Researchers at the Fraunhofer Institute of Applied Materials Research, Bremen, Germany, and The Saarland University, Saarbruecken, Germany, have used Accelrys' DMol3 in a combined quantum mechanical modeling and IR spectroscopy study of the thermodynamics of the adhesion between maleic acid and an aluminium surface.

This work was awarded the Adhesion Society 2002: Distinguished Paper Award from the The Adhesion Society.

The two types of binding: bidentate (left), monodentate (right)

The principle aims of adhesion science are two-fold: first the mechanical properties of the joint formed must be understood, secondly the long-term durability must be predicted with a certain degree of accuracy.
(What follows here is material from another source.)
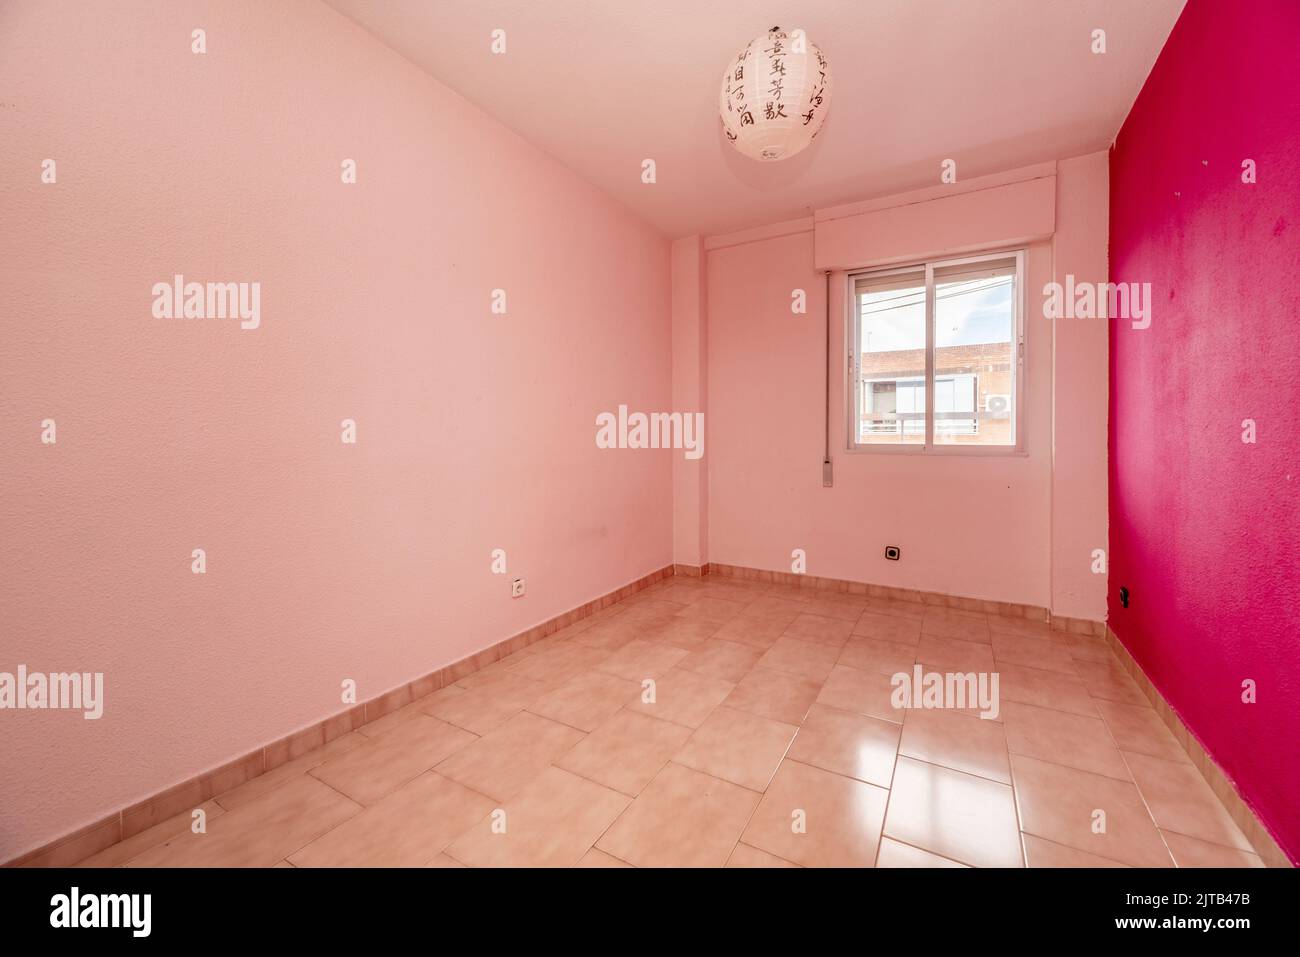 Empty living room in a residential house with stoneware floors and walls painted in various shades of pink Stock Photo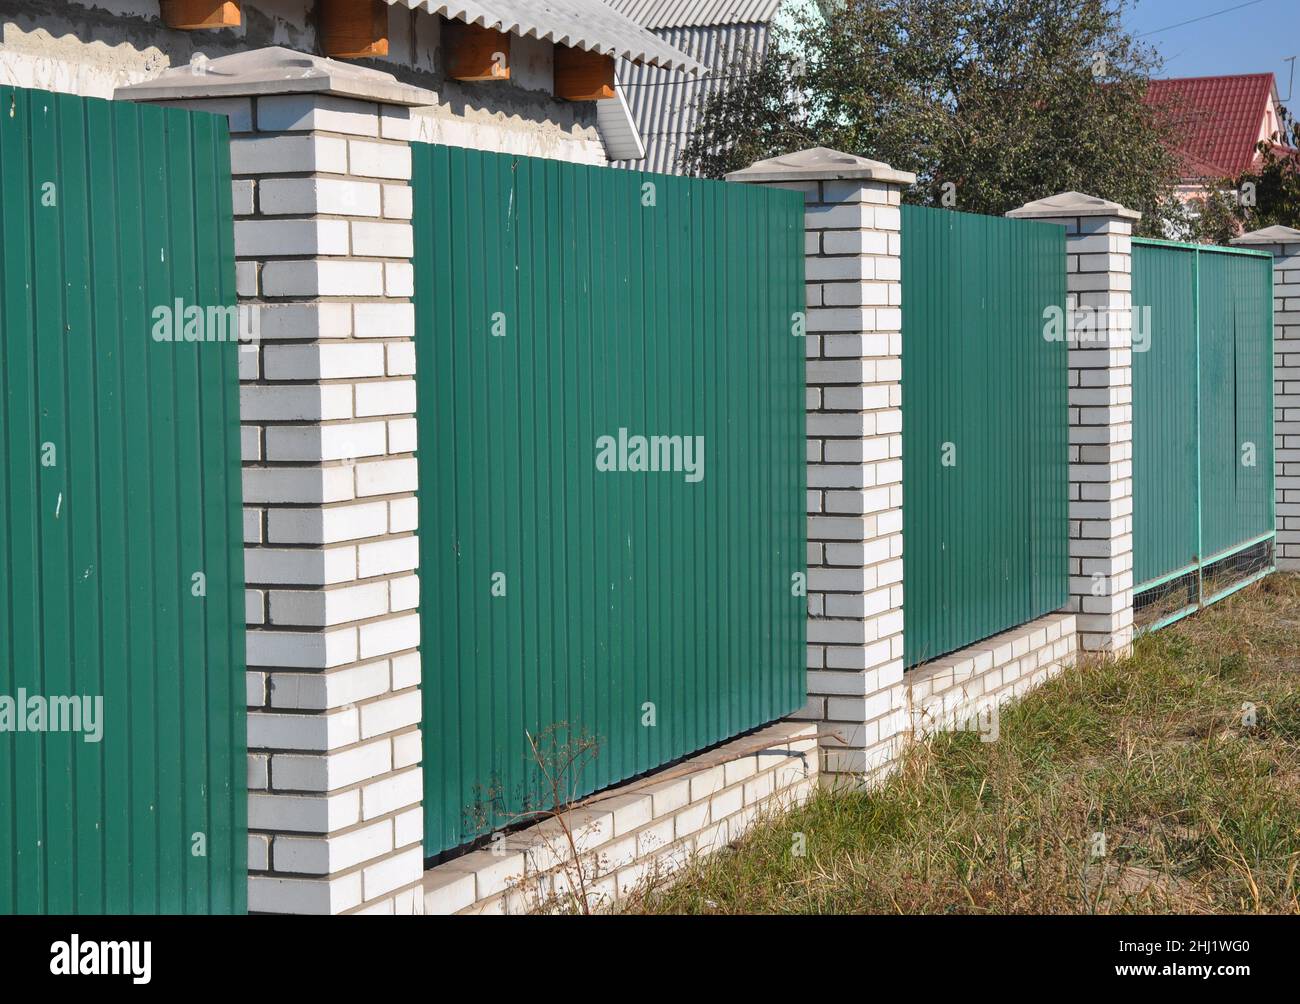 Green Metal Gate Fence with white bricks. Steel sheets fence. Stock Photo

In order to achieve these two aims, studies must focus in on the joint interface and the interphase (the region close to the interface that does not have the properties of the bulk phase).

Commonly used classical models are limited by the fact that in many cases the properties of the joint cannot be accurately predicted. However, molecular modeling, in this case quantum mechanical modeling, offers the opportunity to calculate interface thermodynamic properties which are crucial in understanding the behavior at the interface as well as the interphase.

In a combined quantum mechanical modeling and IR spectroscopy study, Bernhard Schneider of Fraunhofer Institute of Applied Materials Research, and Wulff Possart of the The Saarland University, used Accelrys density functional theory (DFT) program DMol3 to investigate the adhesion between a thin film of maleic anhydride and natively oxidized aluminium.

Using DMol3 , calculated data revealed that the maleic anhydride is hydrolyzed to maleic acid and that the dicarboxylic maleic acid prefers a bridged chelate bond between one acid group and two aluminium atoms on the oxide surface. Further combined investigations revealed that atmospheric humidity changes the chelation to a monodenatate bond between a carbonyl oxygen and on surface aluminium atom.

Dr Bernhard Schneider comments on the value of the computational chemistry techniques used in this work, "We initially wanted to discover which type of bonding occurs between organic thin films and substrate surfaces at the interface. Computation has the advantage that it enables us to examine IR and XPS spectra in much more detail, and understand the adhesive mechanism as well as the related thermodynamics."

"In future we hope to extend the use of computational techniques to calculate the mechanical properties of interfaces and phases, which cannot be obtained by experimental methods."

Reference

1. Thermodynamic Data of Adhesion Phenomena Calculated with Molecular Modeling Methods, Schneider, B.; Possart, W.; Proceedings of the 25th Annual Meeting of the Adhesion Society; 2nd World Congress on Adhesion and Related Phenomena (WCARP-II);February 11-14, Orlando, Fl, (2002), 216.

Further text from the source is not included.